How to Use S3 as Source or Sink in Hue

On this page, we demonstrate how to write to, and read from, an S3 bucket in Hue.

Continue reading:

Populate S3 Bucket

In this section, we use open data from the U.S. Geological Survey.

Download 30 days of earthquake data (all_month.csv) from the USGS (~2 MB).
Log on to the Hue Web UI from Cloudera Manager.
Select File Browser > S3 Browser.
Click New > Bucket, name it "quakes_<any unique id>" and click Create.
Tip: Unique bucket names are important per S3 bucket naming conventions.
Navigate into the bucket by clicking the bucket name.
Click New > Directory, name it "input" and click Create.
Navigate into the directory by clicking the directory name.
Click Upload and select, or drag, all_month.csv. The path is s3a://quakes/input/all_month.csv.
Important: Do not add anything else to the "input" directory–no extra files, no directories.
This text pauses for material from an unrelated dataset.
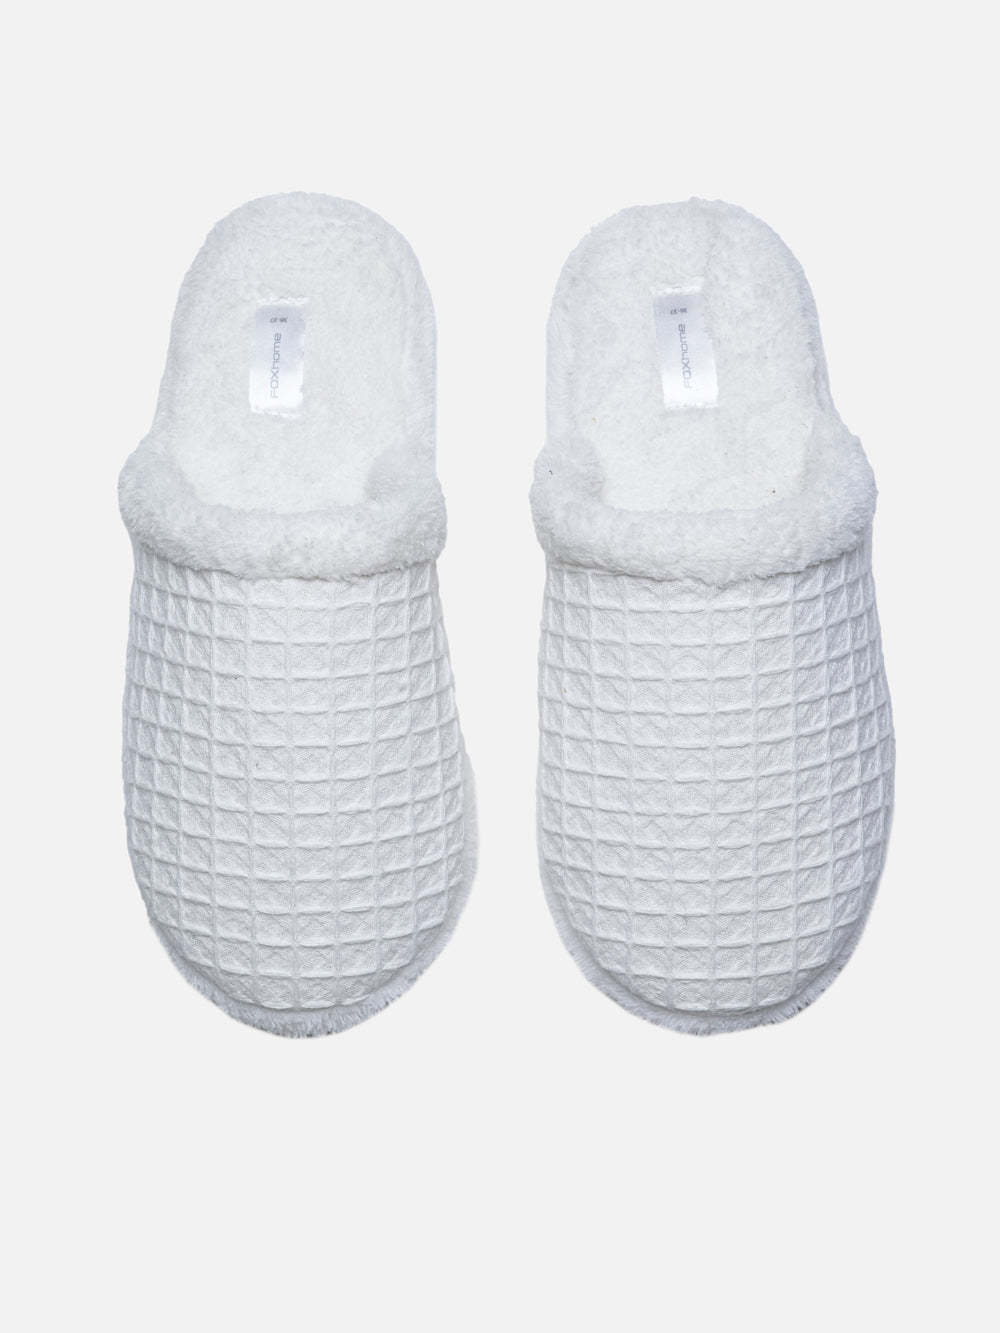 Cozy Non-Slip Indoor Slipper Socks

Go to the Metastore Manager by clicking Data Browsers > Metastore Tables.
Create a new table from a file by clicking .
Enter a Table Name such as "earthquakes".
Browse for the Input Directory, s3a://quakes/input/, and click Select this folder.
Select Create External Table from the Load Data menu and click Next.
Delimit by Comma(,) and click Next.
Click Create Table.
Click Browse Data to automatically generate a SELECT query in the Hive editor:
```
SELECT * FROM `default`.`earthquakes` LIMIT 10000;
```

Run and Export Results in Hive
1. Run the query by clicking Execute .
2. Click Get Results .
3. Select Export to open the Save query result dialog.
Save Results as Custom File
1. Select In store (max 10000000 cells) and open the Path to CSV file dialog.
2. Navigate into the bucket, s3a://quakes.
3. Create folder named, "output."
4. Navigate into the output directory and click Select this folder.
5. Append a file name to the path, such as quakes.cvs.
6. Click Save. The results are saved as s3a://quakes/ouput/quakes.csv.
Save Results as MapReduce files
1. Select In store (large result) and open the Path to empty directory dialog.
2. Navigate into the bucket, s3a://quakes.
3. If you have not done so, create a folder named, "output."
4. Navigate into the output directory and click Select this folder.
5. Click Save. A MapReduce job is run and results are stored in s3a://quakes/output/.
Save Results as Table
1. Run a query for "moment" earthquakes and export:
```
SELECT time,
         latitude,
         longitude,
         mag
FROM `default`.`earthquakes`
WHERE magtype IN ('mw','mwb','mwc','mwr','mww');
```
2. Select A new table and input <database>.<new table name>.
3. Click Save.
4. Click Browse Data to view the new table.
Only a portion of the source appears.